Currently, in the European demonstration project “ene.field”, about 150 further units are being installed in several European countries. In addition, Vaillant started the production of a small-scale series in early 2014. Parallel to the practical test, the two partners are already working on new models.

“Now, it’s all about decreasing production costs and increasing the lifetime of the equipment,” says Jahn.

The new fuel cell miniature power station for home use is based on a solid fuel cell (SOFC) technology. SOFCs operate at a much higher temperature in comparison to competing approaches, such as the proton exchange membrane fuel cell (PEMFC) technology that is used in cars, for example. While PEMFCs only reach 80º, SOFCs can reach up to 850º C. “This allows the SOFCs to be built much more simply and cheaply,” says Jahn.

The electrolyte of an SOFC only transfers oxygen ions, not electrons.
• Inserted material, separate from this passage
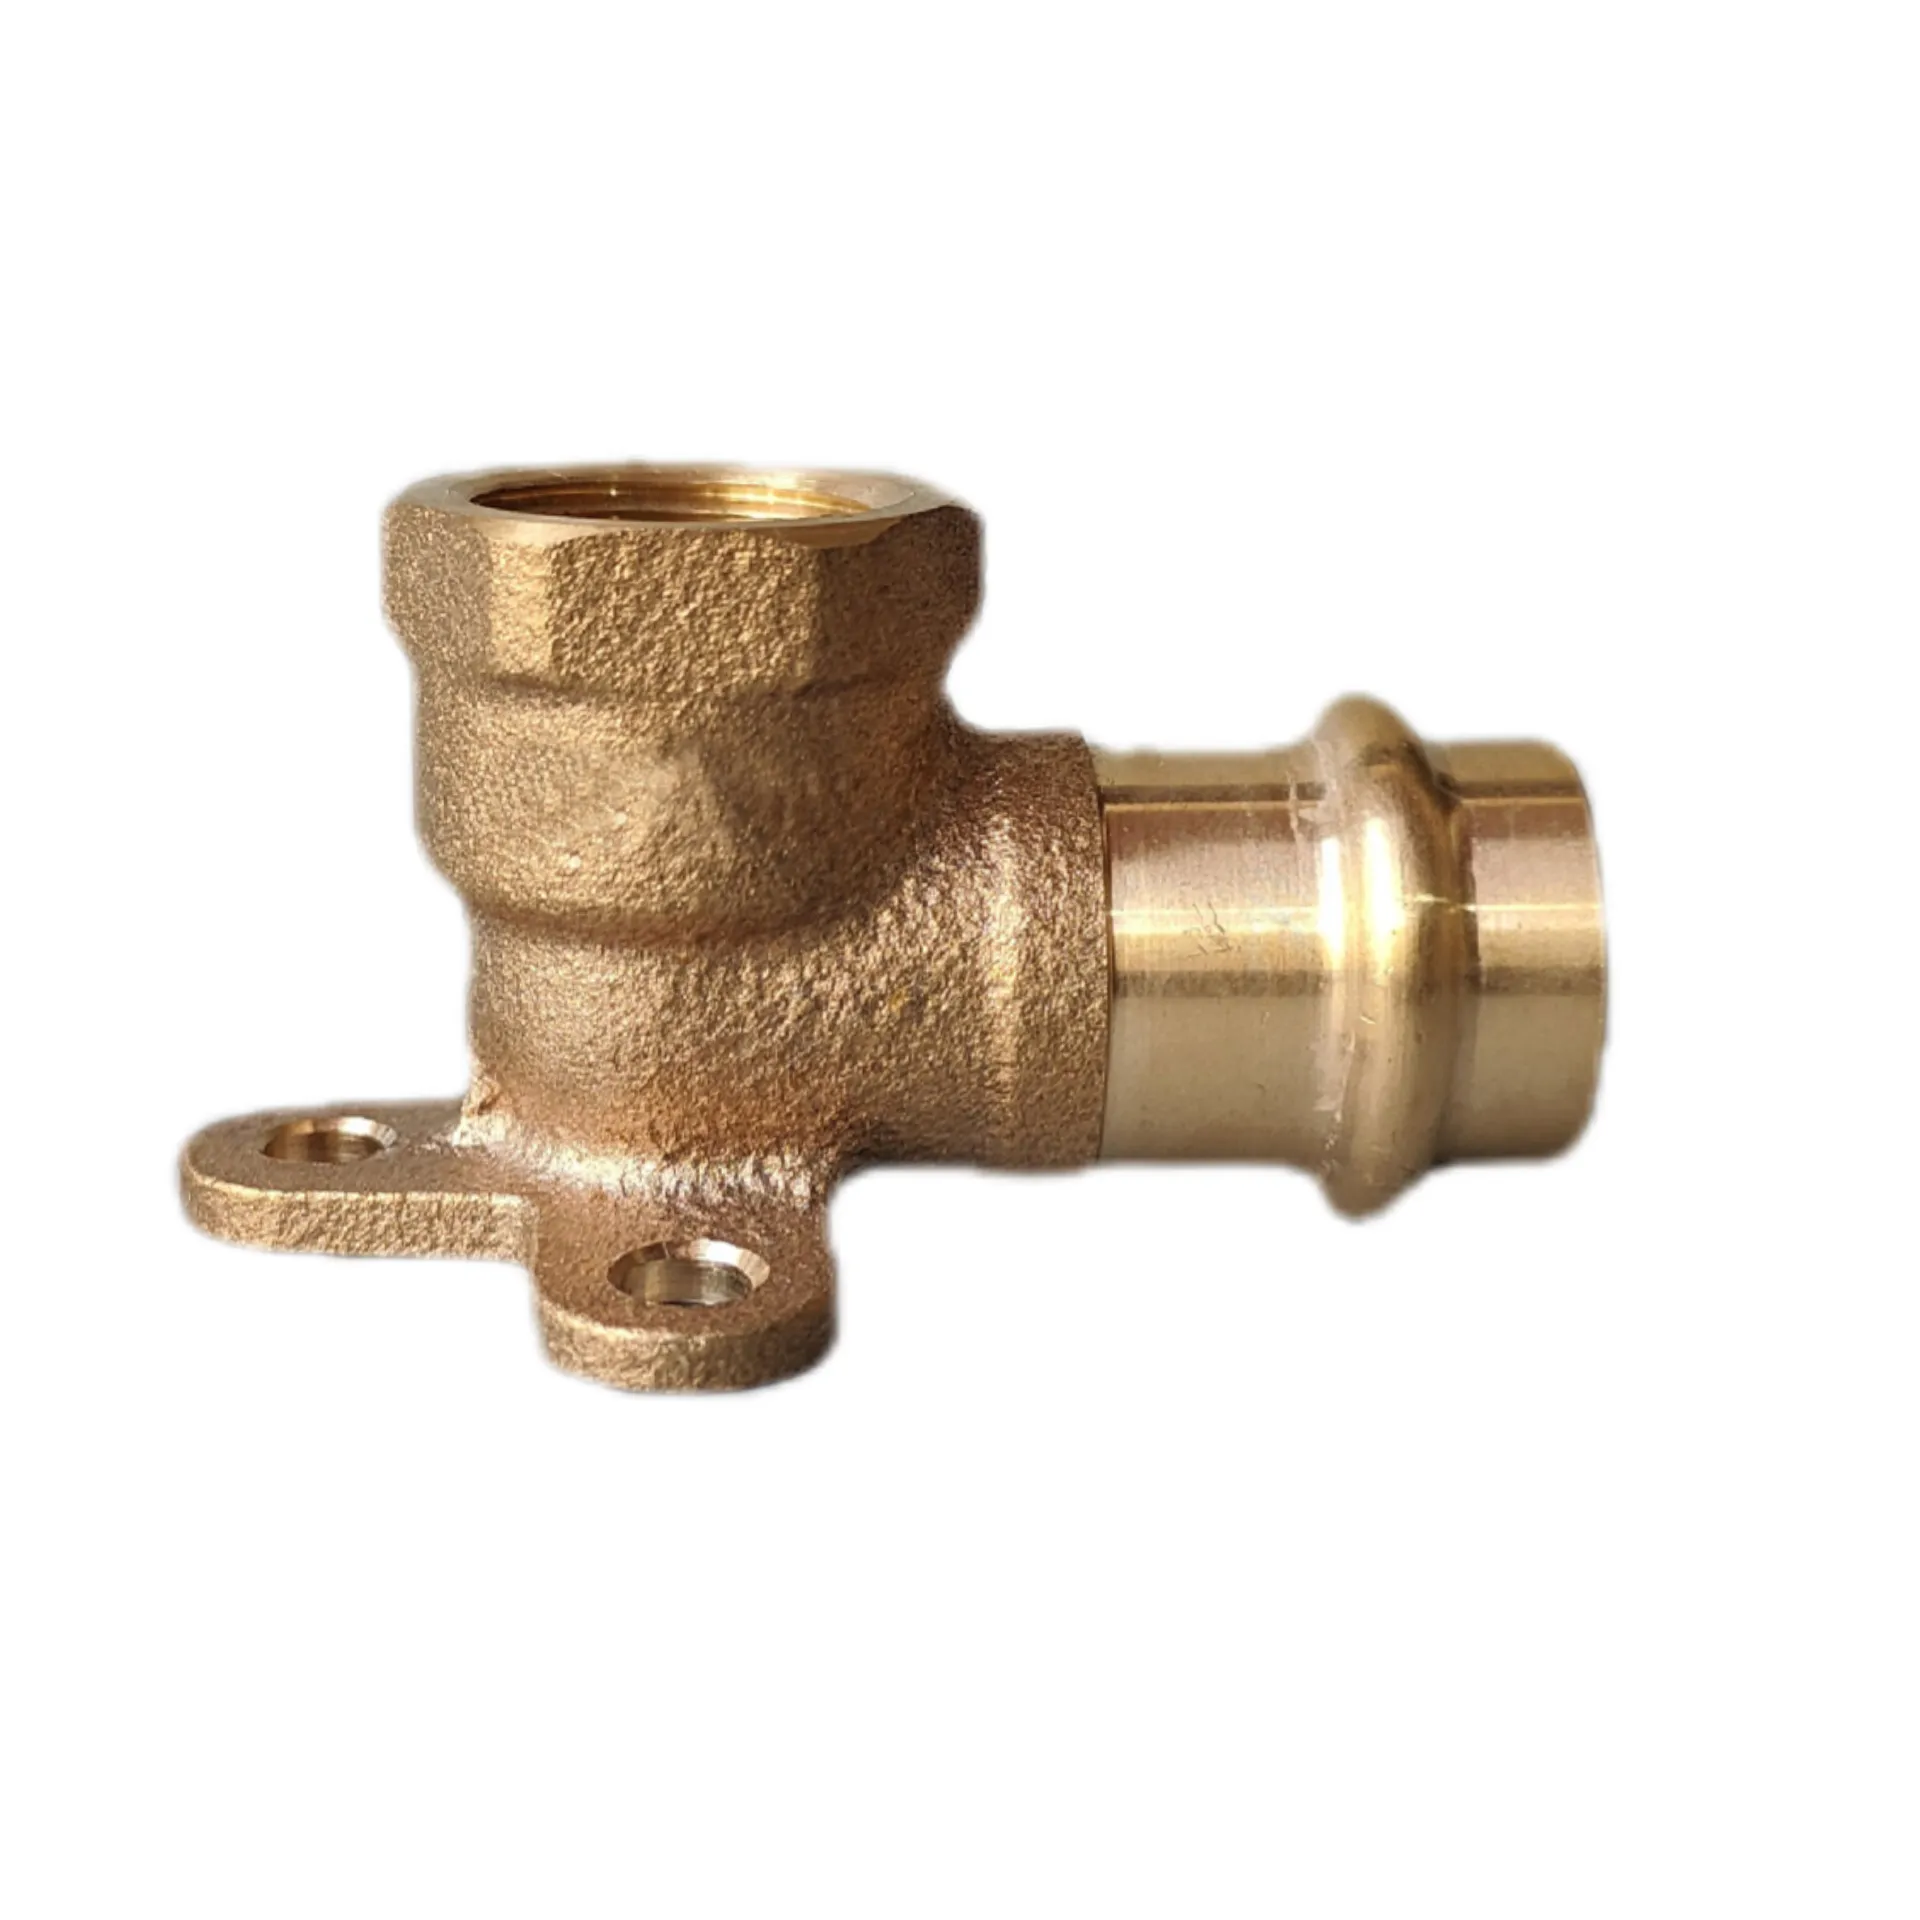 sanitary Copper 90 degree Elbow with seat joint pipe fitting

Otherwise, there would be a short circuit. “Ceramic is particularly well suited as a material for the electrolyte. It has the desired conductivity and can also endure high temperatures,” says Jahn. As a result, even without the use of precious metals, all reactions proceed smoothly, which is necessary for the direct conversion of chemical energy into electrical energy. If the fuel cell heater is connected to the gas network, a reformer initially converts the natural gas into a hydrogen-rich gas. This then reacts in the stack with the oxygen of the air in a noiseless “cold combustion,” producing power and heat.

The technology looks to be proceeding quite well. In the German market where natural gas is extremely expensive compared to the North American market a highly efficient way to make heat and get electricity has very good prospects. If the technology only doubles or triples the efficiency and cuts consumers gas bills by a half or two thirds the new fuel cell will be a huge hit.

Fuel efficiency in Europe is a major economic and international political problem making much of the continental EU and neighboring states subject to ransoming by their gas suppliers. Something has to happen and your humble writer hopes this technology can be an anchor for a better, lower cost and safer future for everyone in Eurasia. Drive those costs down far enough and the new fuel cell should have a worldwide market.


1 Comment so far

  1. MattMusson on June 13, 2014 7:16 AM

    NASA’s new oxygen generator is two orders of magnitude smaller and more efficient. But – it produces O2 and Methane gas. A small efficient fuel cell like this one could recoup a lot of the remaining power costs of the system.